PARALLEL IMAGING (PI)
In an MRI, the scan time is proportional to the number of phase-encoding steps required to fill the k-space. PI reduces the scan time by undersampling the phase-encoding lines in an equidistant manner (Fig. 1) (7,8,9). However, undersampling introduces aliasing artifacts owing to the reduced field of view and imperfect spatial localization of the signal. Aliasing artifacts are corrected using coil sensitivity maps or auto-calibration signals from multichannel phased-array coils (9,10,11,12). Phased-array coils comprise multiple independent receiver channels or elements, each with a distinct spatial sensitivity profile, enabling the localization of MRI signals despite reduced phase-encoding steps. Image reconstruction is performed in either the image domain or the k-space.
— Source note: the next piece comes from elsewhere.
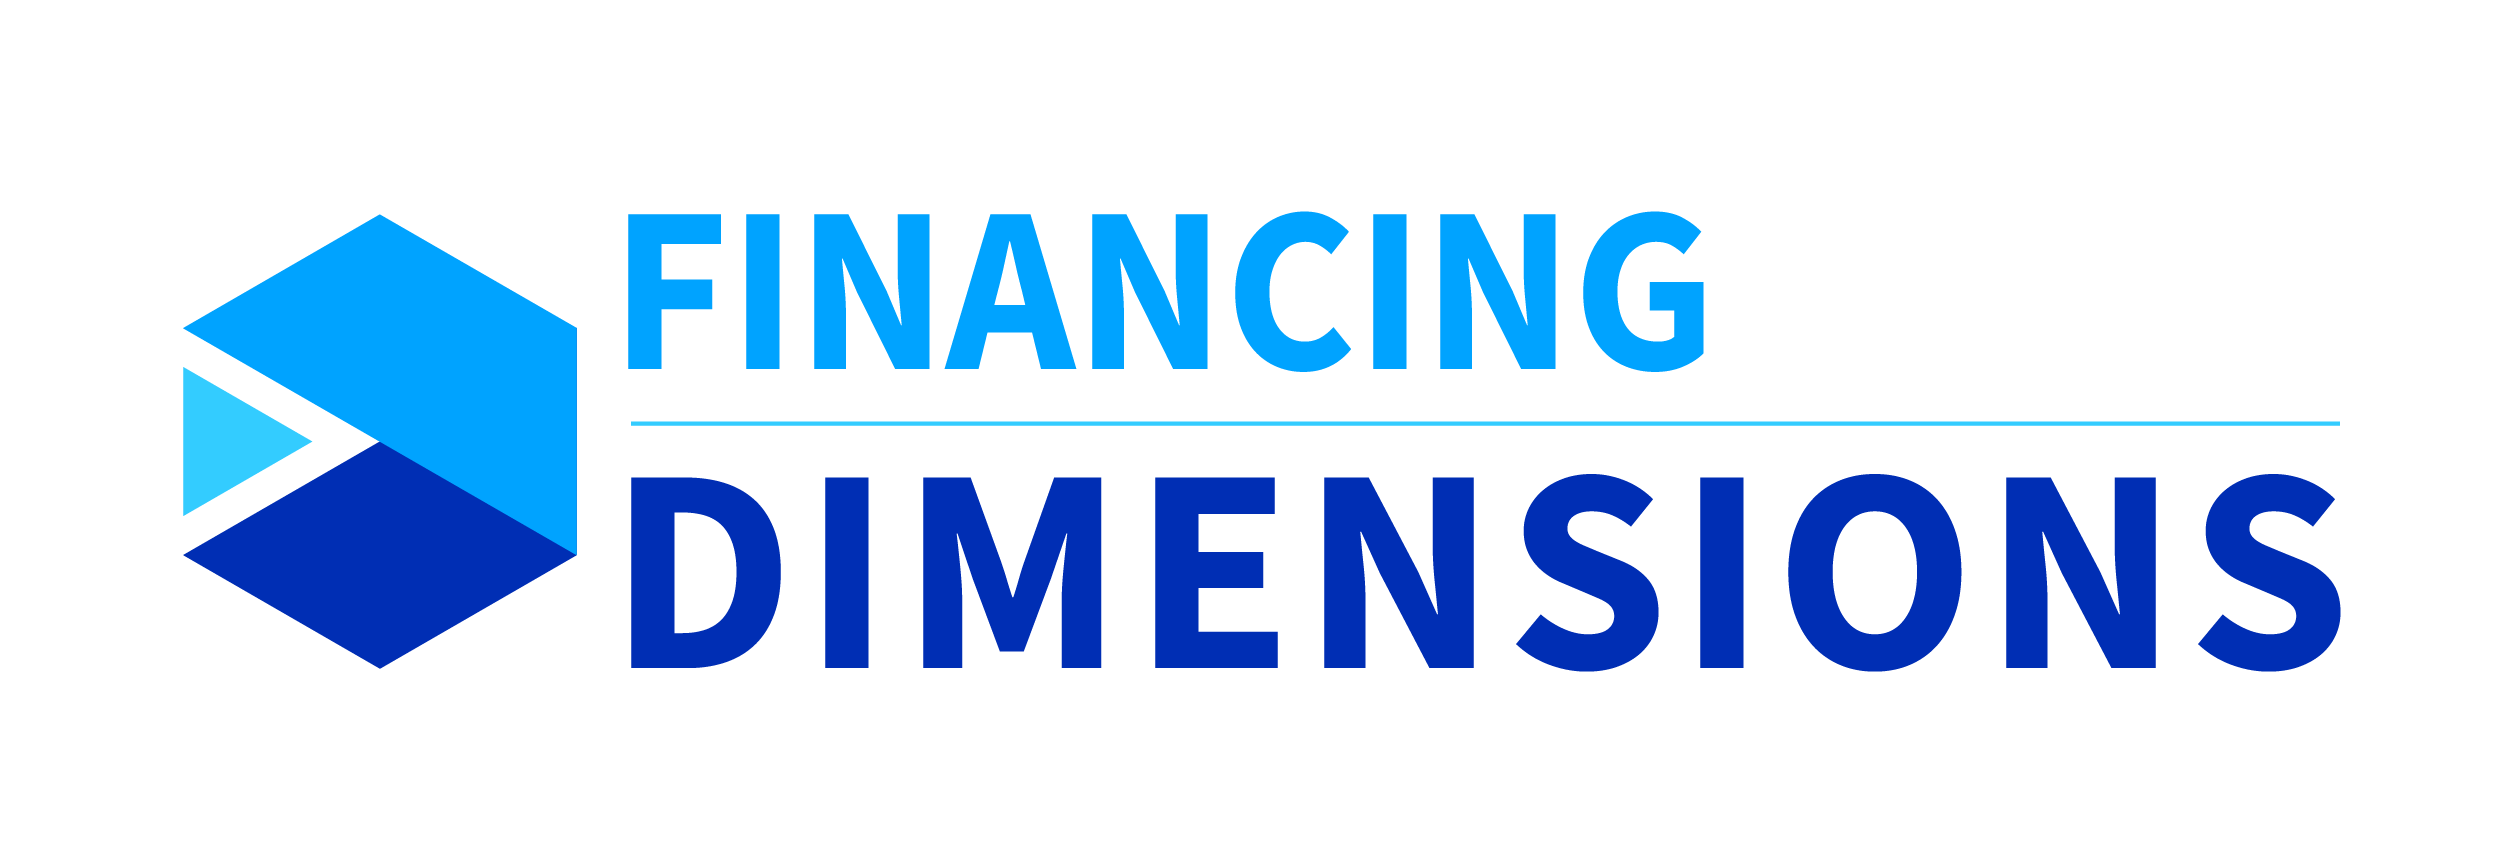 Acceltech Pte Ltd - Dimensions du financement

Fig. 1. Diagram of k-space sampling pattern. Each line represents a phase encoding step, and the dotted lines in the center indicate the center of the k-space.
A. In full sampling, all phase encoding lines are sampled.
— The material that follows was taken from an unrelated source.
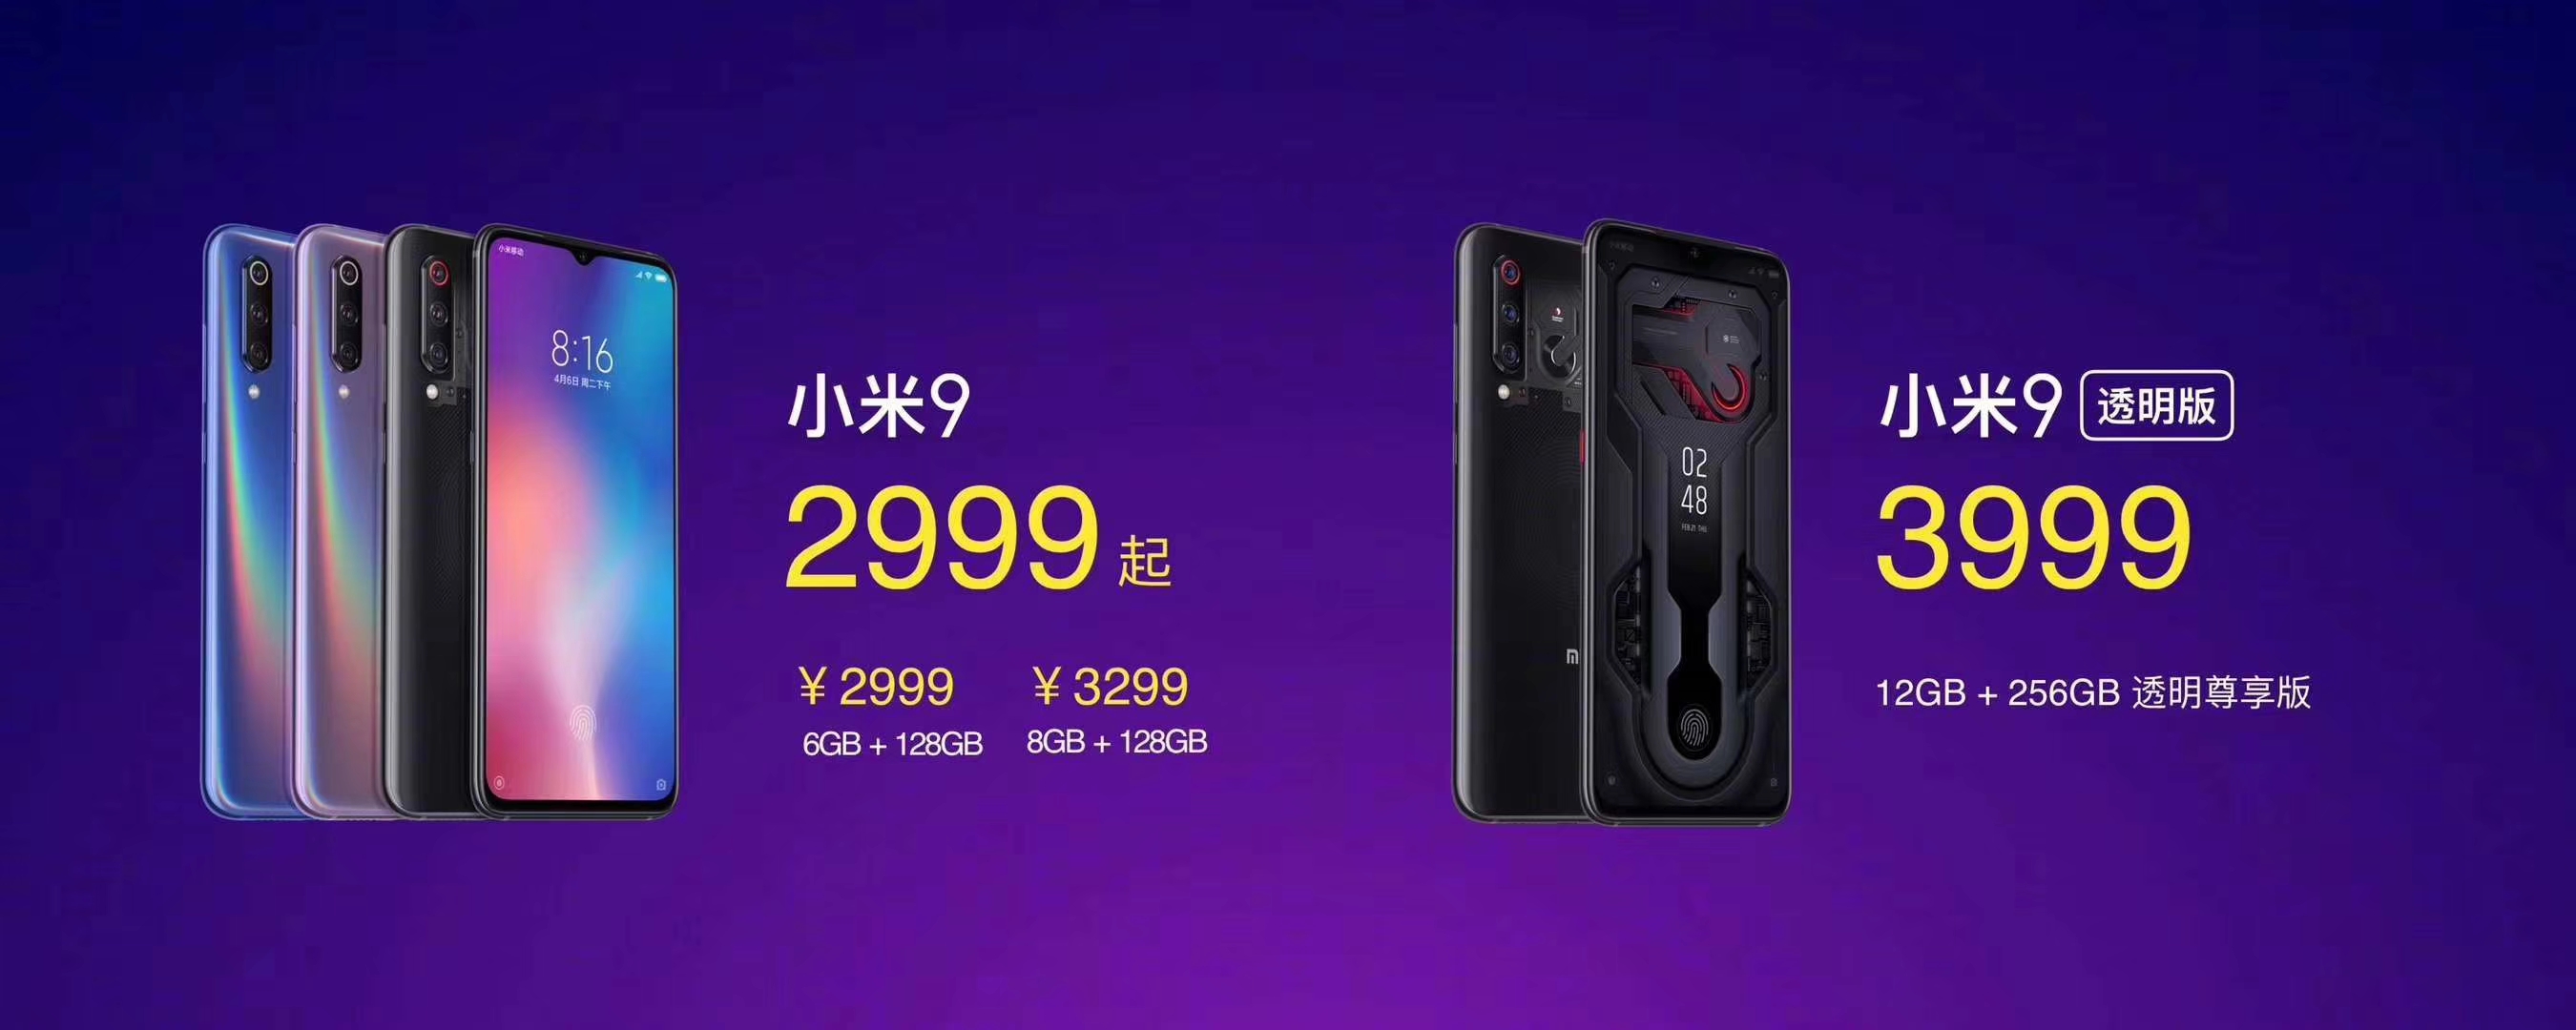 王源代言小米手机 小米9为全球首款量产骁龙855旗舰机-科记汇

B. In parallel imaging, phase encoding lines are skipped, or undersampled, in an equidistant manner.
C. In compressed sensing, the k-space is sampled randomly; however, more is still sampled in the center.
In image-domain reconstruction, aliasing artifacts are corrected after Fourier transformation. The process begins by generating coil sensitivity maps from a low-spatial-resolution full-field-of-view acquisition for each coil receiver element. The undersampled main-pulse sequence is then acquired to produce aliased images from each receiver element. The coil sensitivity maps are used in a reconstruction matrix inversion process to “unwrap” and combine the individual aliased images, yielding a full-field-of-view image without aliasing (8,9,10). Sensitivity encoding (SENSE; Philips Healthcare), modified sensitivity encoding (mSENSE; Siemens Healthineers), and array spatial sensitivity encoding technique (ASSET; GE Healthcare) re based on an image domain reconstruction approach.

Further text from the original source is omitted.